:: Source data ::

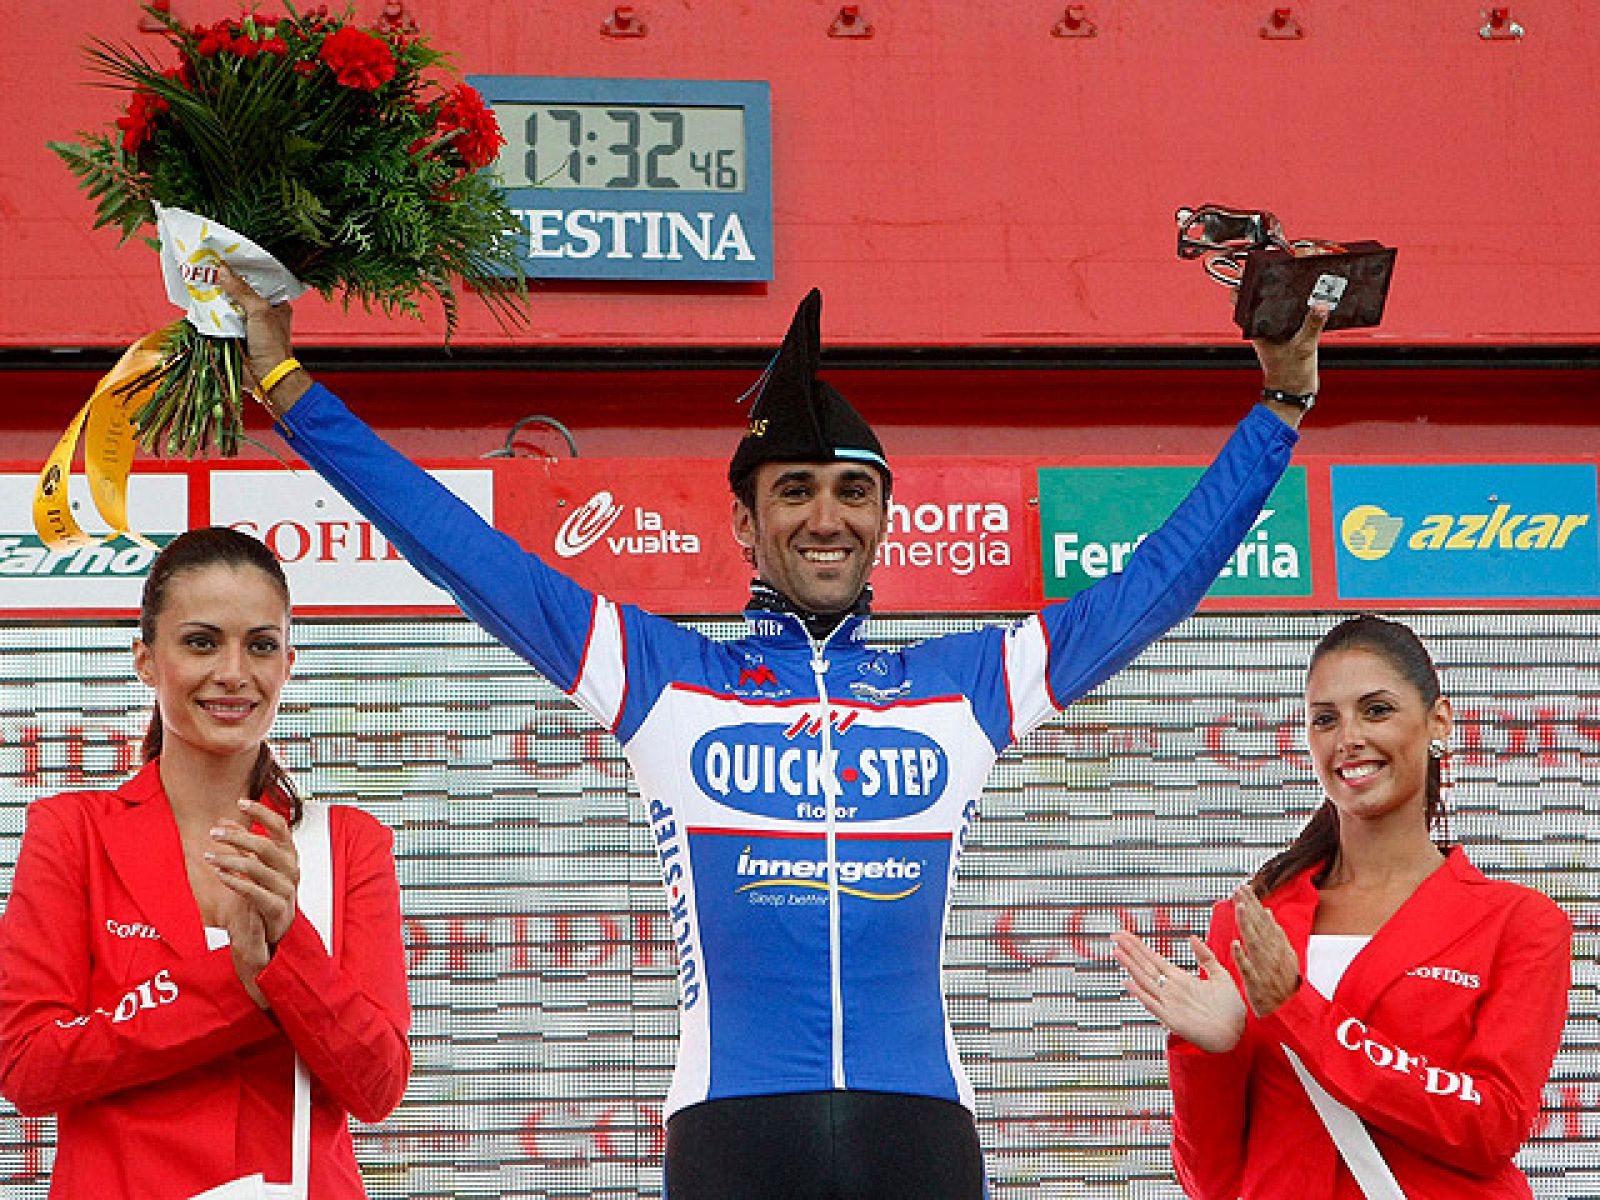 El ciclista asturiano Carlos Barredo Llamazales (Quick Step) se ha  impuesto en la decimoquinta etapa de la Vuelta Ciclista a España,  disputada en entre Solares y Lagos de Covadonga sobre 187,3  kilómetros, marcada por el fuerte ritmo y por el mal t
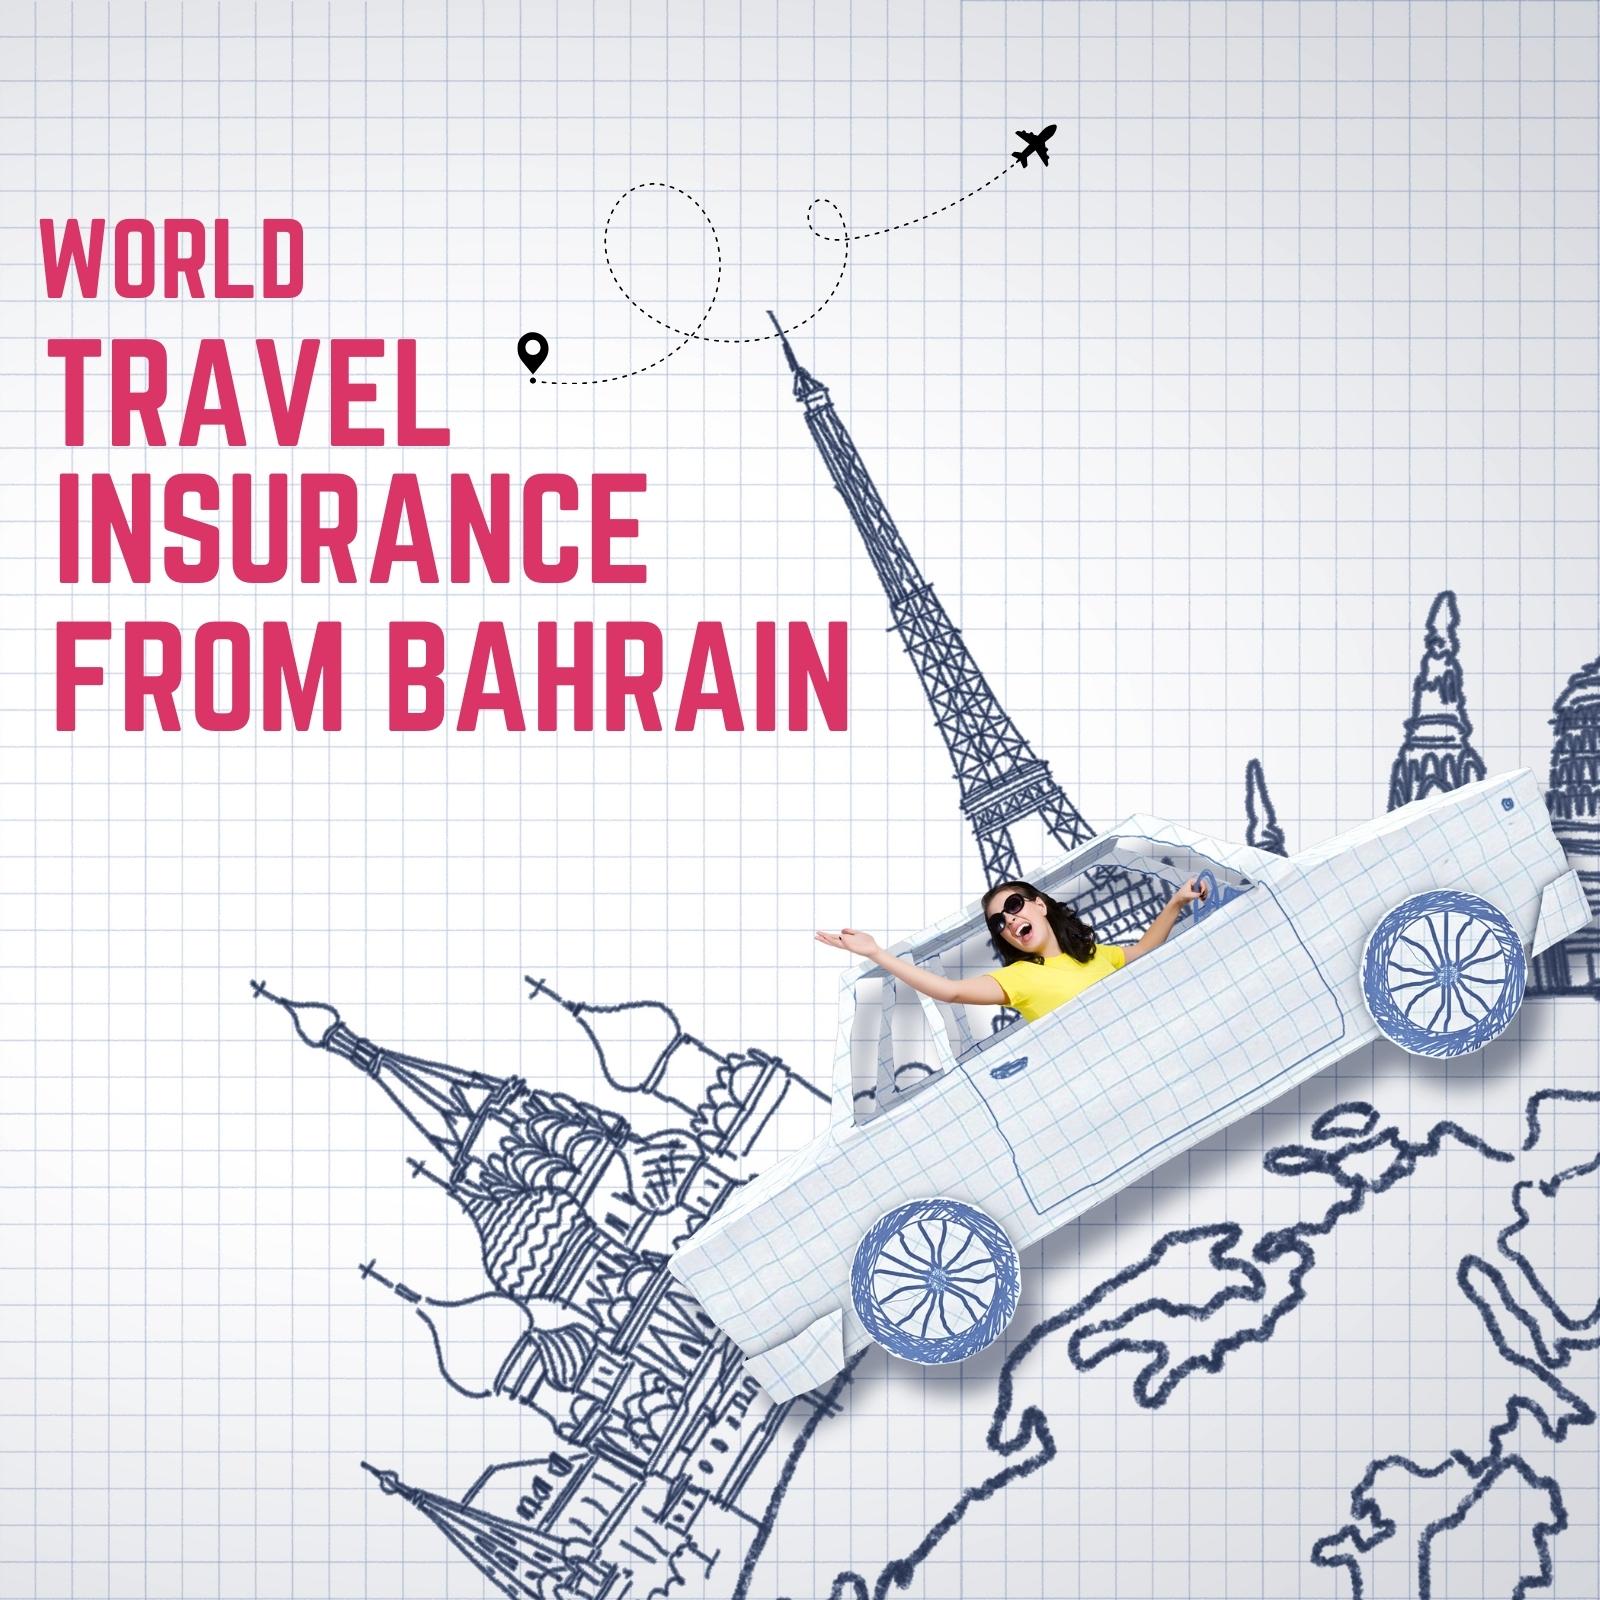 World-Travel-Insurance-From-Bahrain
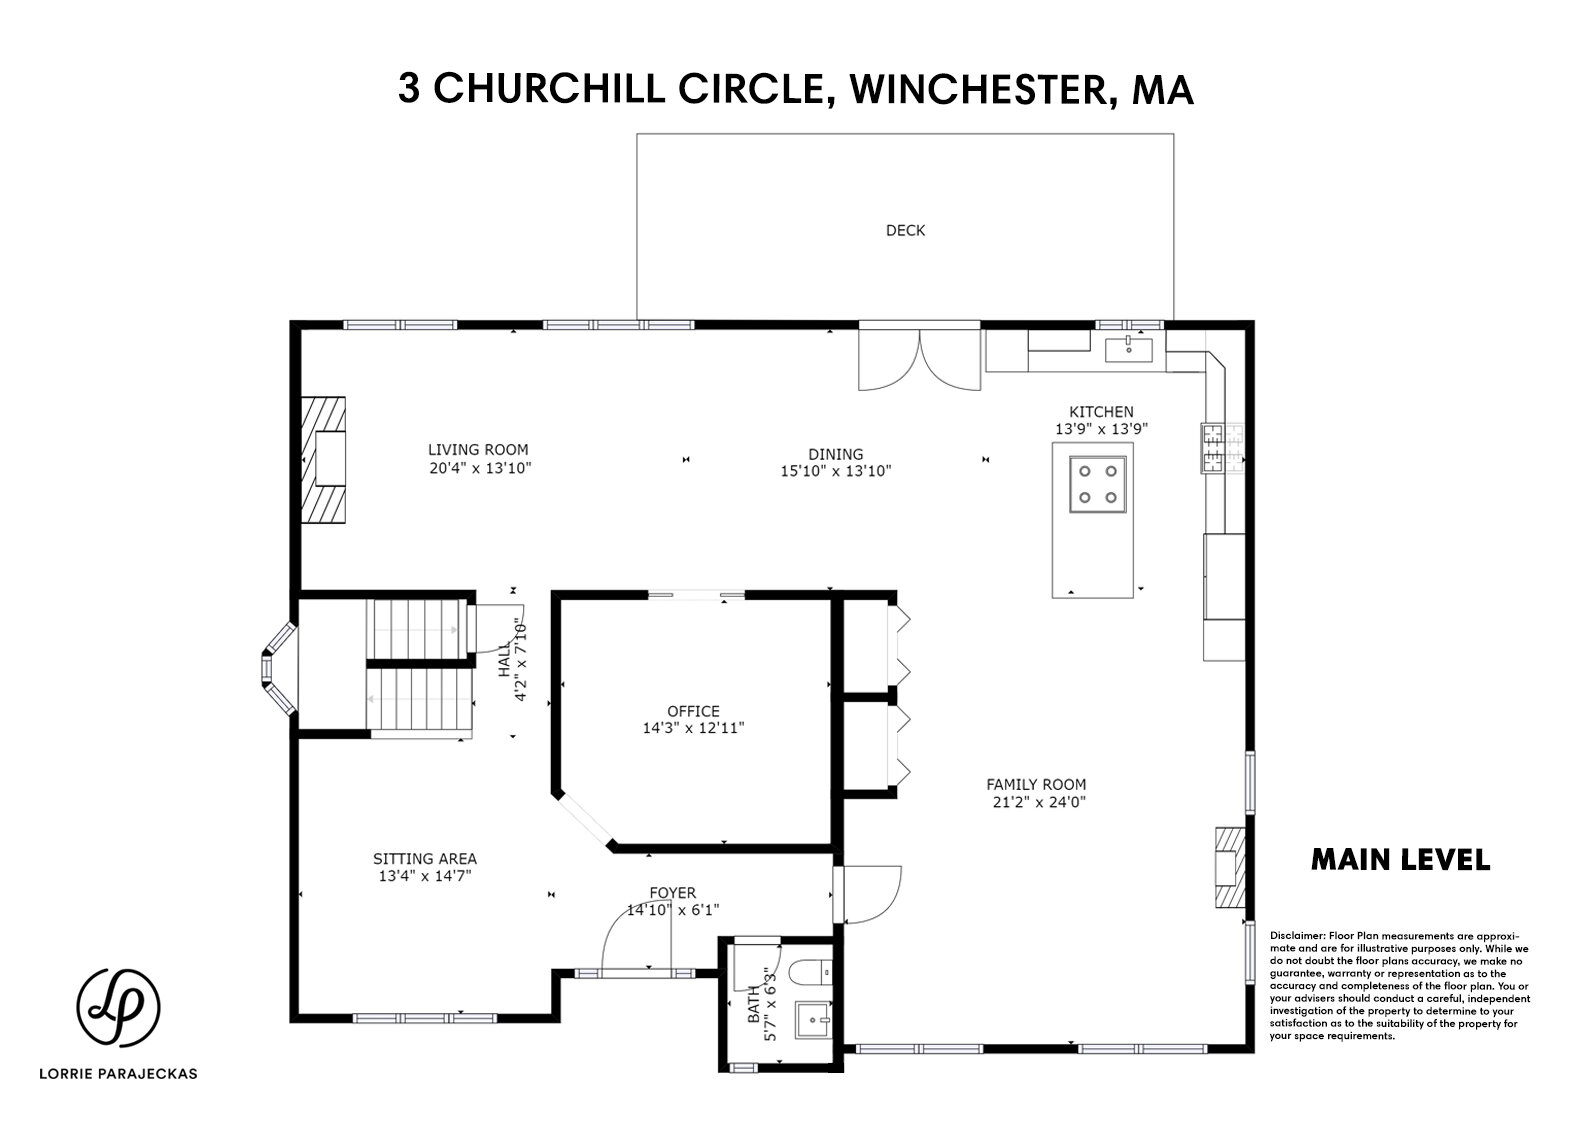 3 Churchill Cir- Floor Plans_MAIN_NEW 43021 - BRANDED.jpg

:::

Assignment> Would you please set down the listing above exactly, minus its images?

Finished task>
 El ciclista asturiano Carlos Barredo Llamazales (Quick Step) se ha  impuesto en la decimoquinta etapa de la Vuelta Ciclista a España,  disputada en entre Solares y Lagos de Covadonga sobre 187,3  kilómetros, marcada por el fuerte ritmo y por el mal t
 World-Travel-Insurance-From-Bahrain
 3 Churchill Cir- Floor Plans_MAIN_NEW 43021 - BRANDED.jpg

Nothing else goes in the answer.